One of the exceptions to the warrant requirement is the automobile exception. See Carroll v. United States , 267 U.S. 132, 153–56, 45 S.Ct. 280, 69 L.Ed. 543 (1925). Under the automobile exception, law enforcement may search a vehicle without a warrant "if there is probable cause to believe the vehicle contains contraband or evidence of a crime." United States v. Williams , 627 F.3d 247, 251 (7th Cir. 2010) (citations omitted). Probable cause is a nontechnical, fluid concept that exists "where the known facts and circumstances are sufficient to warrant a man of reasonable prudence in the belief that contraband or evidence of a crime will be found." Ornelas v. United States , 517 U.S. 690, 696, 116 S.Ct. 1657, 134 L.Ed.2d 911 (1996) (citations omitted); Williams , 627 F.3d at 251. The automobile exception is not keyed to the offense of arrest, meaning that officers can arrest a motorist for one crime, and search the automobile based on probable cause for a completely unrelated crime. United States v. Edwards , 769 F.3d 509, 514 (7th Cir. 2014).

The court previously found that the officers had probable cause, in part, because Sergeant Althoff testified that Galiher and Hawkins had informed the officers that Defendant had attempted to conceal contraband and a firearm before the search of the vehicle.
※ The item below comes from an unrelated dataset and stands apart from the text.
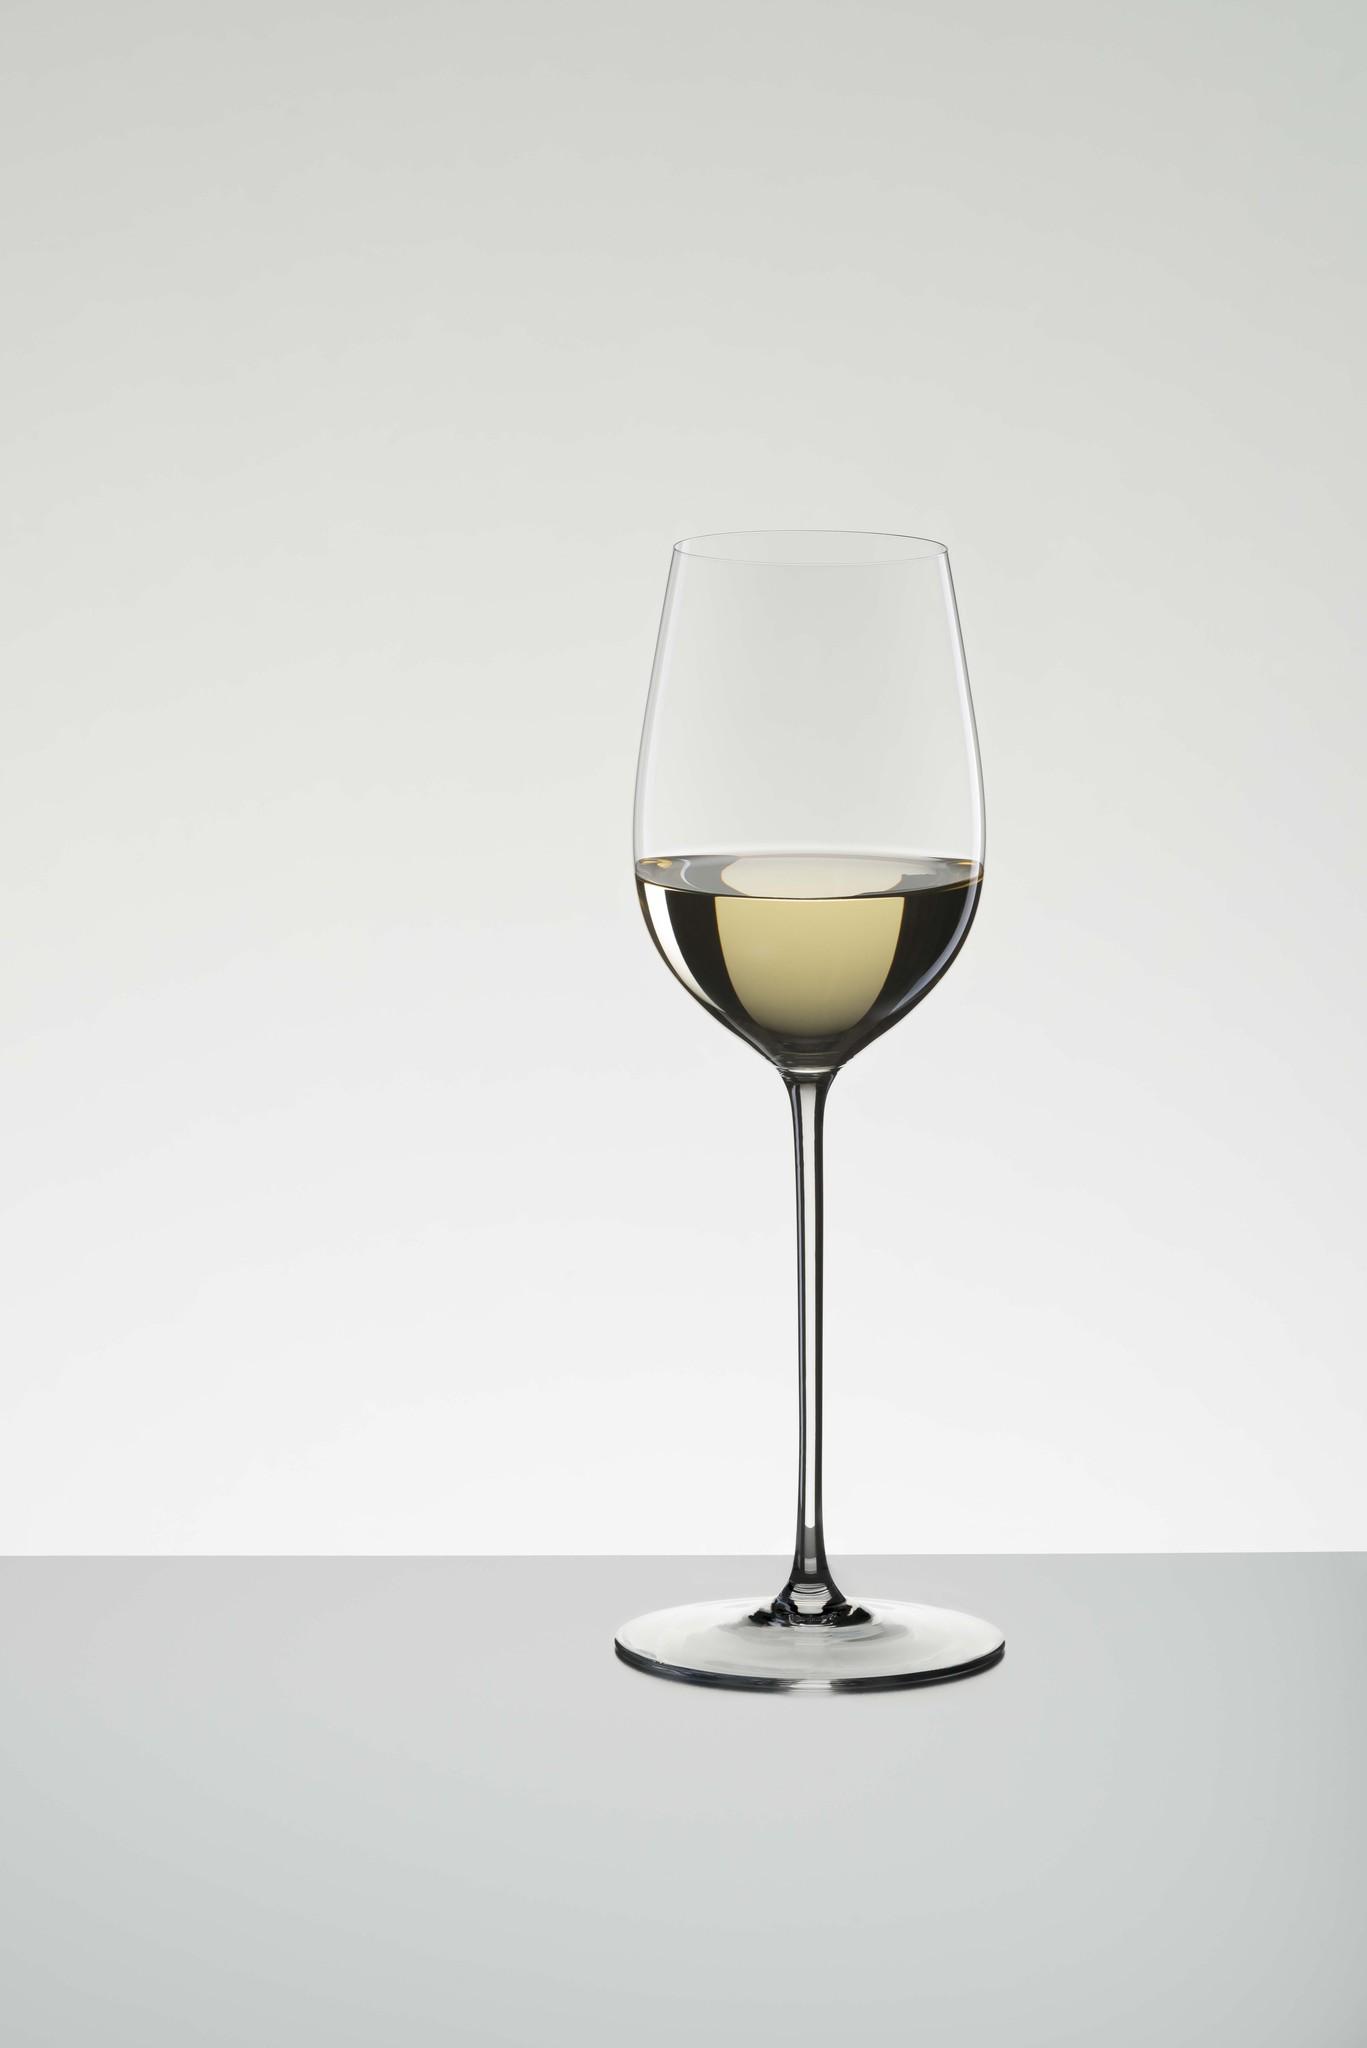 Бокал для белого вина 245мл Riedel Superleggero Viognier/Chardonnay

But the trial testimony tells a different story. Trooper Finney testified that he did not talk to either Galiher or Hawkins before searching the vehicle. (Day 1 Tr. at 234:22–24). Hawkins and Galiher both testified that they did not know anything about methamphetamine located in the vehicle. (Id. at 172:14–16; 214:3–7). Hawkins turned over the methamphetamine pipe and marijuana within 15 minutes of talking with officers—not immediately. (Id. at 173:8–15). Moreover, Galiher told law enforcement about Defendant handing her a firearm during the first traffic stop —when the vehicle was searched by EPD and nothing was located—not during the second traffic stop —when the firearms were actually found by the task force officers. (Id. at 217:11–13) ("Q: Well, you said he was trying to hand you something. Was that the first time you were pulled over or the second? A: That was the first."). In fact, with respect to the second traffic stop, Galiher testified that she did not see Defendant put anything into the console or compartment. (Id. at 217:2–4). While Trooper Finney did testify that "the back seat passenger[ ] was doing some moving around contrary to the instructions that were being given" during the initial stages of the traffic stop, (id. at 224:21–23), he later admitted that he could not easily view the back seat passenger, (id. at 225:7–9). He also admitted that he was not acting on the basis of any information imparted to him by another officer. (Id. at 236:19–22).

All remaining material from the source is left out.